[Extracted data — start]

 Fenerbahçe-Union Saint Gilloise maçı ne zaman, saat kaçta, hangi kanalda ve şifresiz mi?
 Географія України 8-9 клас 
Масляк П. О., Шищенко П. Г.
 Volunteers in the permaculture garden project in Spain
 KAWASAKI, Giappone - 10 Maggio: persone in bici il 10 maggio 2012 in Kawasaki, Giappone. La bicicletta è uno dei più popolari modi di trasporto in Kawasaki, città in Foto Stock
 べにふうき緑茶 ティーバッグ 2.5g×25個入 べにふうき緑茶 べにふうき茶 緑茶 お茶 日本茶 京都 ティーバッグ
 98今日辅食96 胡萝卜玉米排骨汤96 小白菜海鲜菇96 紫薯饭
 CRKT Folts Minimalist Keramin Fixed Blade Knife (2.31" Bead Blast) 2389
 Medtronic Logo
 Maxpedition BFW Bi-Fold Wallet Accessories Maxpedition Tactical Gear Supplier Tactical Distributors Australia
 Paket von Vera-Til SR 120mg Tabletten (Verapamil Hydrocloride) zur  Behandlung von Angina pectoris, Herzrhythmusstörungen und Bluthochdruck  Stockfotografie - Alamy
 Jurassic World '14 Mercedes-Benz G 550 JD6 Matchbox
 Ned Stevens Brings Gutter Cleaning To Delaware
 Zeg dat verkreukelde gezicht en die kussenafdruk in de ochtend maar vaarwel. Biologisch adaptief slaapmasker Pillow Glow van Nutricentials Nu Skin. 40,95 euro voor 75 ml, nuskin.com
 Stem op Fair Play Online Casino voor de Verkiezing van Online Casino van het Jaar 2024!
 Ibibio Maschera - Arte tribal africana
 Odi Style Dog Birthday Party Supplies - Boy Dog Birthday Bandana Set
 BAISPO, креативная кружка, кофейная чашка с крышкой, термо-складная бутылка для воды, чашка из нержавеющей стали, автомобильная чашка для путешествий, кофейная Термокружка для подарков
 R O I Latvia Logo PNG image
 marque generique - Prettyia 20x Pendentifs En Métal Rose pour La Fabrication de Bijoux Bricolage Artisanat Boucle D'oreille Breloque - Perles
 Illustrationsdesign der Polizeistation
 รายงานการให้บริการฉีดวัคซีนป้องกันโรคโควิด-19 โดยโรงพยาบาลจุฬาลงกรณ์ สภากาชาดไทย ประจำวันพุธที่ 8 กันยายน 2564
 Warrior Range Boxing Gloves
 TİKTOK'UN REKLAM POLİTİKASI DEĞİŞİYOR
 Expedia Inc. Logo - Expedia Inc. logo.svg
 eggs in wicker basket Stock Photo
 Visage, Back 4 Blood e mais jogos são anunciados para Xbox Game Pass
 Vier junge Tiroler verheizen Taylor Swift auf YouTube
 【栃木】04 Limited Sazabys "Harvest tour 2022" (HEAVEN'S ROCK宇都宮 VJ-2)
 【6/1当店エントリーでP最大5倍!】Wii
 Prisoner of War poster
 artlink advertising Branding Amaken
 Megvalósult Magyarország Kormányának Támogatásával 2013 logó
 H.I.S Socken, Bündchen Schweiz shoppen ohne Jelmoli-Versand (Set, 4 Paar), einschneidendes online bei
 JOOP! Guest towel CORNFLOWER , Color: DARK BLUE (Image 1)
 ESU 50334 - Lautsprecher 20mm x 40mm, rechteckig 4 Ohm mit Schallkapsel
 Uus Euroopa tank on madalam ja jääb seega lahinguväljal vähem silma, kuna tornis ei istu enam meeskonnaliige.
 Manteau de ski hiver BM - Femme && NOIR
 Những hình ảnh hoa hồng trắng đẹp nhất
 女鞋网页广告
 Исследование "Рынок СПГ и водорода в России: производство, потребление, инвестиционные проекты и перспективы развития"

[Extracted data — finish]

- _Work task_:
From the records above, quote only the lines running from the line with "Expedia Inc. Logo - Expedia Inc. logo.svg" to the line with "artlink advertising Branding Amaken", both lines included.

- _Solution to this exercise_:
 Expedia Inc. Logo - Expedia Inc. logo.svg
 eggs in wicker basket Stock Photo
 Visage, Back 4 Blood e mais jogos são anunciados para Xbox Game Pass
 Vier junge Tiroler verheizen Taylor Swift auf YouTube
 【栃木】04 Limited Sazabys "Harvest tour 2022" (HEAVEN'S ROCK宇都宮 VJ-2)
 【6/1当店エントリーでP最大5倍!】Wii
 Prisoner of War poster
 artlink advertising Branding Amaken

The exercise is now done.